Bild: Demonstrantinnen in Köln. "Ich will lachen, nicht strahlen"
BERLIN afp/dpa/dapd | Die Anti-Atom-Demonstrationen in vier deutschen
Großstädten am Samstag haben nach Veranstalterangaben so viele
Atomkraftgegner wie nie zuvor auf die Straße getrieben. In Berlin, Hamburg,
Köln und München hätten insgesamt 210 000 Menschen das Abschalten aller
Atommeiler gefordert, teilten die Initiatoren der Demonstrationen am
Samstag mit. Allein in Berlin hätten 90 000 Demonstranten Kanzlerin Angela
Merkel (CDU) aufgefordert, den Atomausstieg nicht auf die lange Bank zu
schieben. In Hamburg seien 50 000 Menschen auf die Straße gegangen, in Köln
40 000 und in München trotz Regens 30 000.

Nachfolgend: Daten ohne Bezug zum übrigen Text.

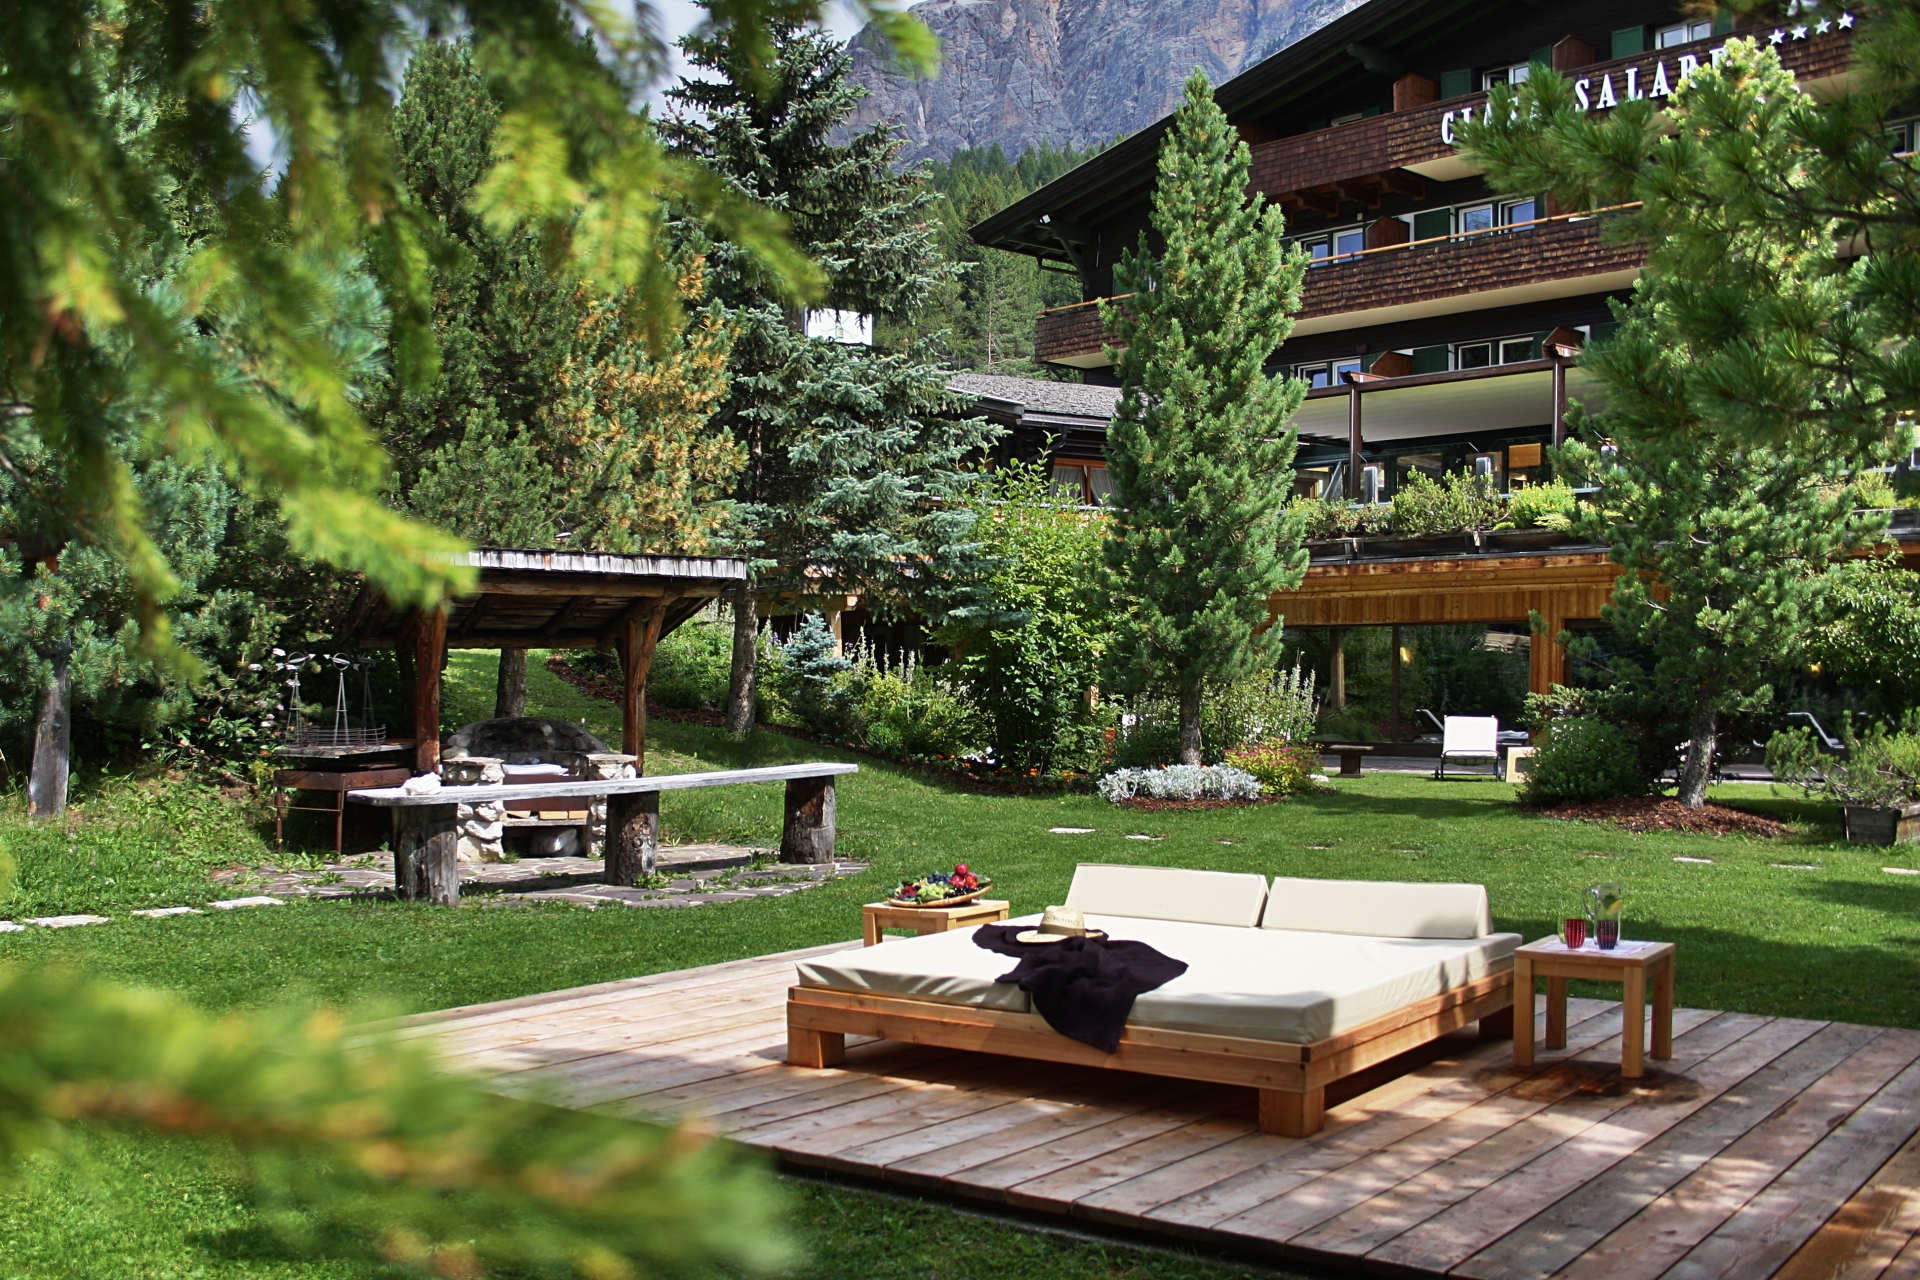 Relaxing garden - Hotel Ciasa Salares Summer

Die Zahlen der Polizei lagen zunächst niedriger. In Berlin ging ein
Sprecher von weit mehr als 50 000 Demonstranten aus, in Hamburg nannte ein
Sprecher die Zahl von 40 000 Menschen. In München schätzte ein
Polizeisprecher die Zahl der Demonstranten auf mehr als 25 000. In Köln
nennt die Polizei bei Großveranstaltungen grundsätzlich keine
Teilnehmerzahlen.
Redner warnten auf den Demonstrationen vor den Gefahren der Atomkraft. Die
Technik sei nicht beherrschbar. Das Motto lautete: "Fukushima mahnt: Alle
AKWs abschalten." Auch Gewerkschaften, Oppositionsparteien und Kirchen
unterstützten die Proteste. Organisator Jochen Stay von der Organisation
".ausgestrahlt" sagte: "Wir werden jetzt nicht mehr locker lassen, bis die
Atomkraftwerke endgültig stillgelegt werden.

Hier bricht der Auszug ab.